Courts have traditionally ruled that citizens can’t expect privacy after they’ve given up their data to a third party like a phone company. But Wessler, who argued Carpenter’s case in today’s hearing, says the Fourth Amendment requires police to either request warrants before they can access location data, or limit requests to a more specific period of time.

“That just can’t be the right choice.”

“The choice that Americans have is to either opt out of society totally to protect privacy or to give up all of our privacy rights in order to be modern human beings,” said Wessler to The Verge. “That just can’t be the right choice.”

Many of the justices listening to the case today seemed sympathetic, according to George Washington University law professor Orin Kerr who hosted a post-mortem analysis on the Lawfare page on Facebook Live. “It was a good day for Carpenter but not in the way that he was arguing,” said Kerr.
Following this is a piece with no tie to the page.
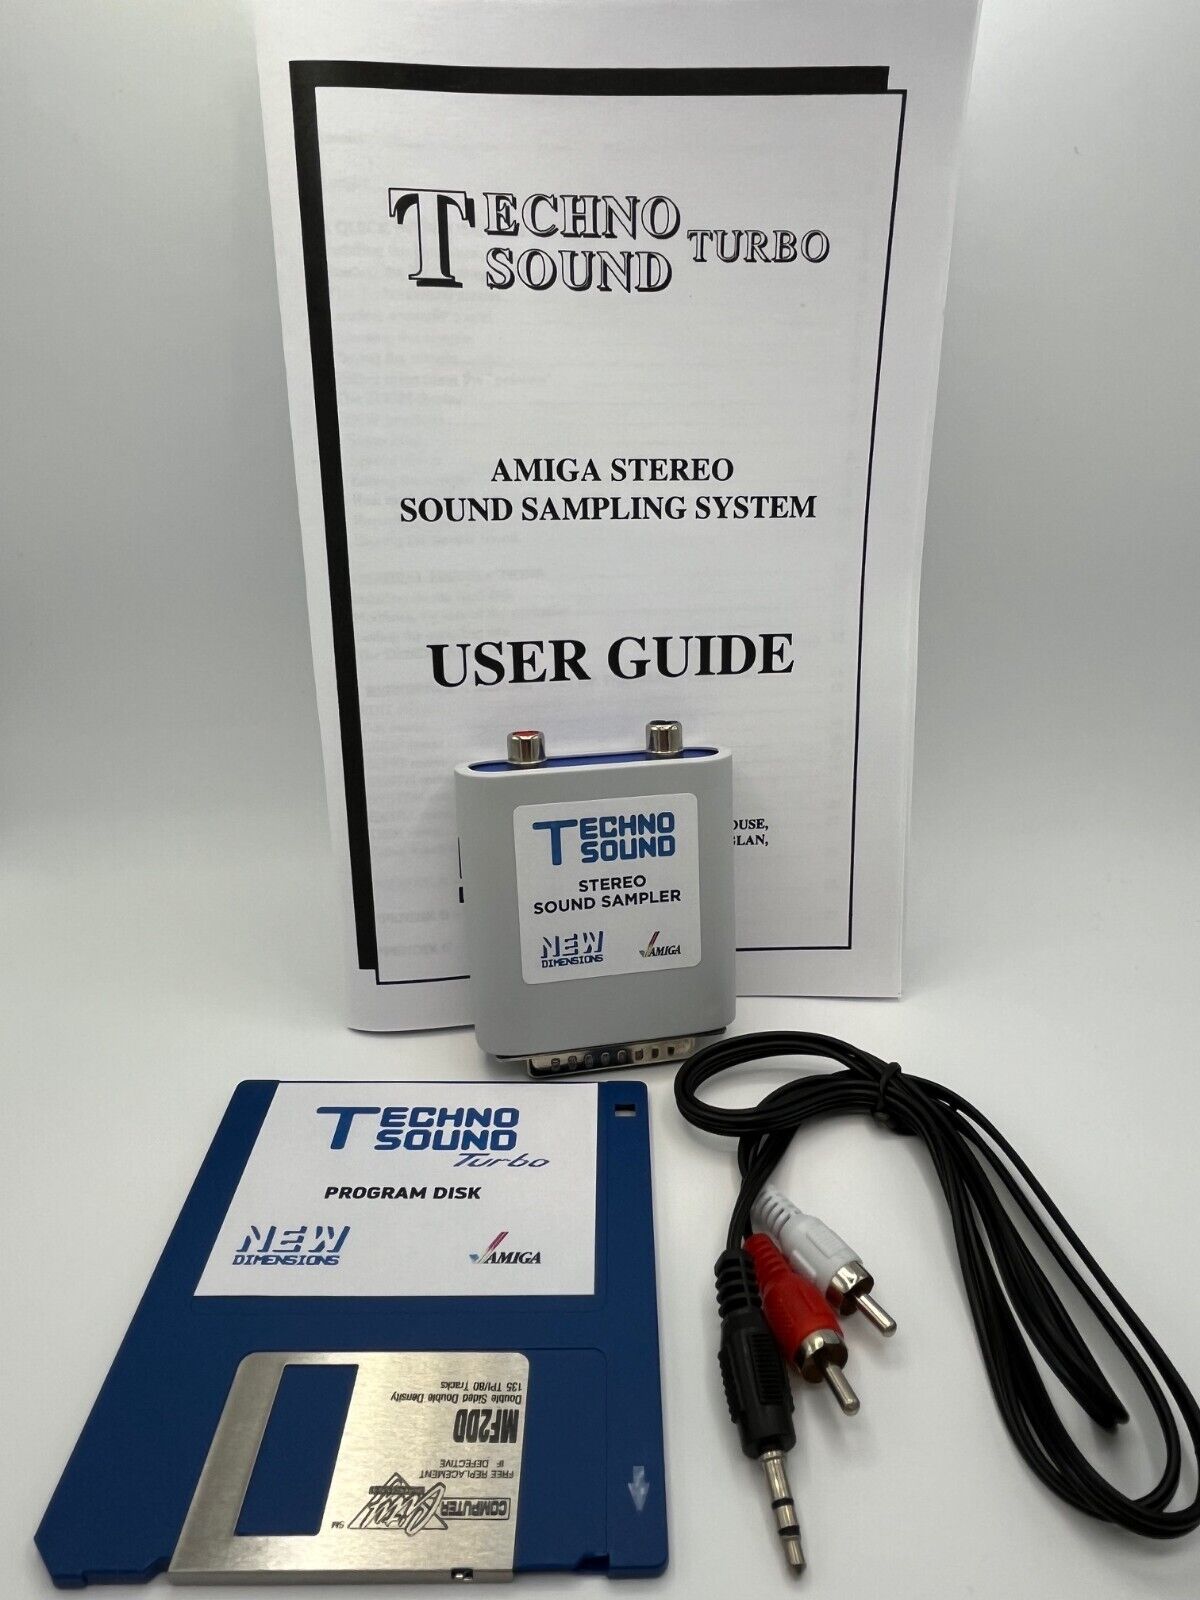 Commodore Amiga Stereo Sound Sampler Techno Sound Turbo Rare Limited US Seller

His prediction is that the justices, including Sonia Sotomayor, will ultimately rule in favor of Carpenter through some combination of privacy theories.

For instance, during the questioning of the US defendant, Sotomayor asked, “If it's not okay to put a beeper into someone's bedroom, why is it okay to use the signals that phone is using from that person's bedroom, made accessible to law enforcement without probable cause?”

Justices Samuel Alito and Anthony Kennedy seemed less sympathetic to Carpenter’s case. Alito compared location data to bank records, which can be obtained without a warrant, and are arguably more personal. Kennedy agreed, saying that unlike bank records, “your whereabouts are publicly known. People can see you. Surveillance officers can follow you.”

This past August, major tech companies like Verizon, Twitter, Google, Apple, Facebook, and Microsoft signed an amicus (“friend-of-the-court”) brief, backing Carpenter’s side. The brief stated that “the Court should forgo reliance on outmoded rules that make little sense when applied in the digital context.”

A decision is expected in the first half of next year.